Task to complete. Although the data below contains pictures, output only the lines between those holding "POST-IT PRETZEL BITES" and "Portable Travel Power", inclusive, exactly and without those pictures.

------ Supplied data

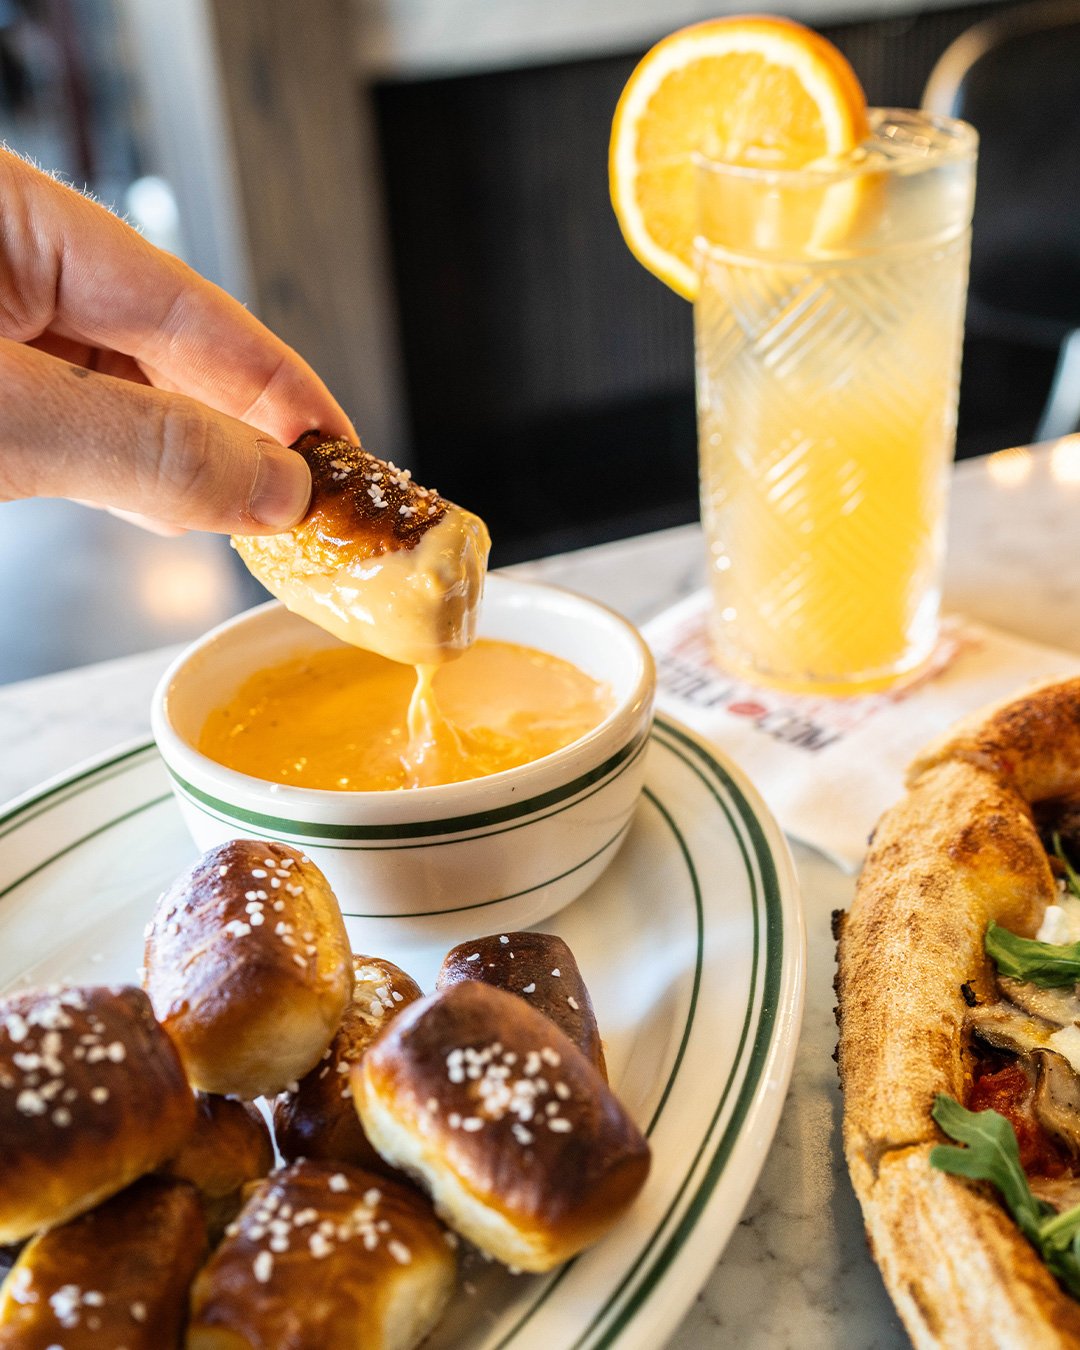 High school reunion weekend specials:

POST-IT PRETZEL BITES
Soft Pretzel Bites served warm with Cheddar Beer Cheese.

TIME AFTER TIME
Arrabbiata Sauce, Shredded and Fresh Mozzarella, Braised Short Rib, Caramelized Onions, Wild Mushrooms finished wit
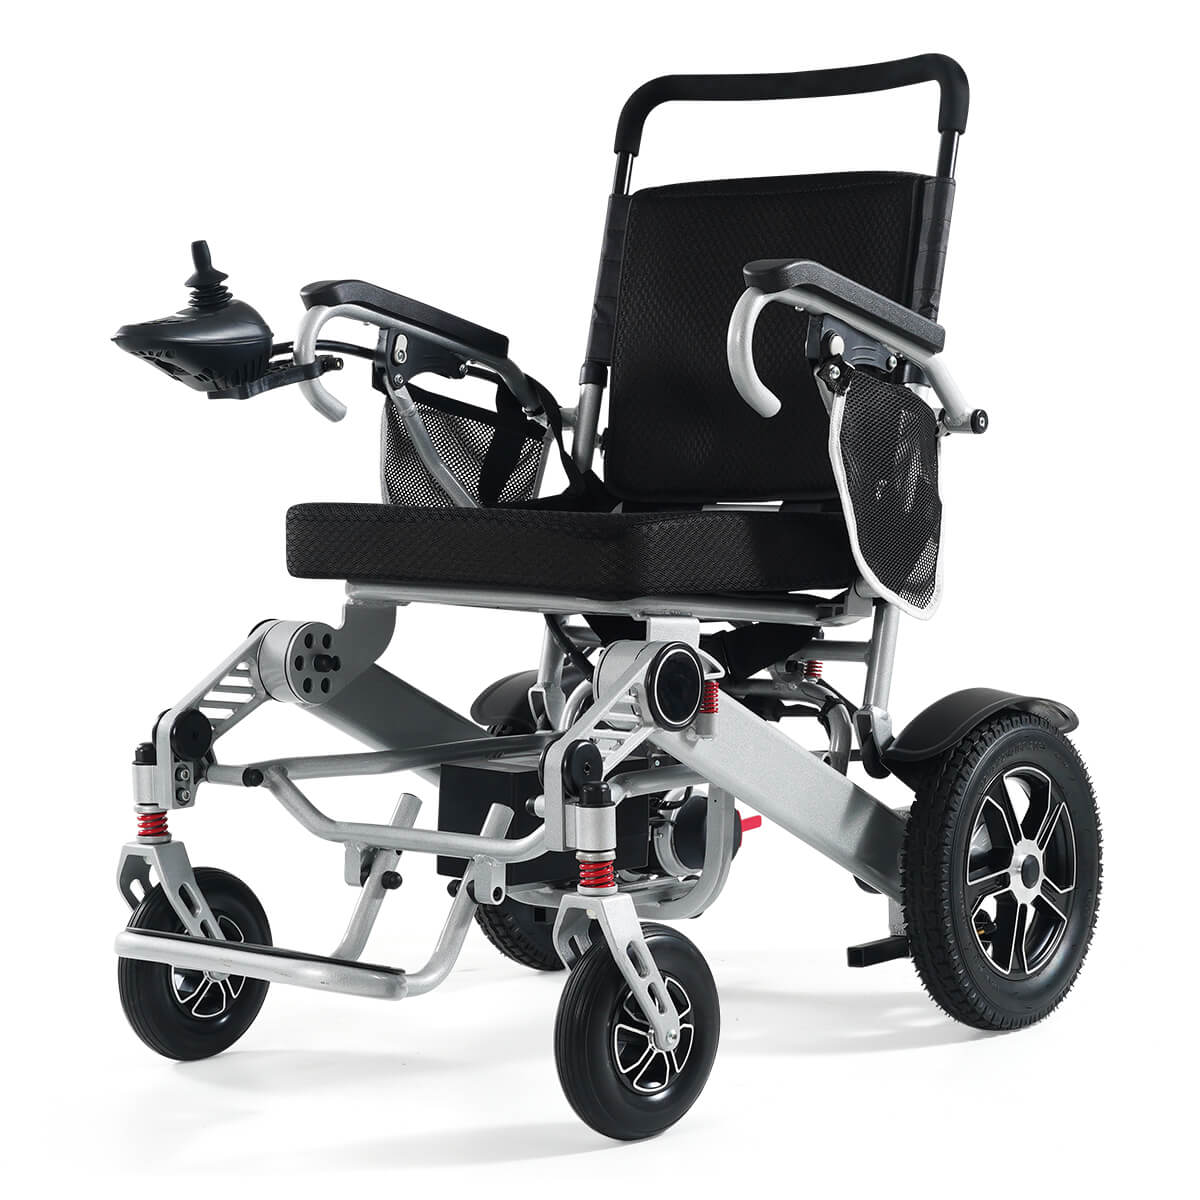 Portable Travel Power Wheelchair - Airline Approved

------------
------ Supplied data

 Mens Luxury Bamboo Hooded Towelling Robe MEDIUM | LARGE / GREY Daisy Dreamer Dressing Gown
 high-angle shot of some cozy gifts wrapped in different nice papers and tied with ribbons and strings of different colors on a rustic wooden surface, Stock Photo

------------

Answer box.
POST-IT PRETZEL BITES
Soft Pretzel Bites served warm with Cheddar Beer Cheese.

TIME AFTER TIME
Arrabbiata Sauce, Shredded and Fresh Mozzarella, Braised Short Rib, Caramelized Onions, Wild Mushrooms finished wit
 Portable Travel Power Wheelchair - Airline Approved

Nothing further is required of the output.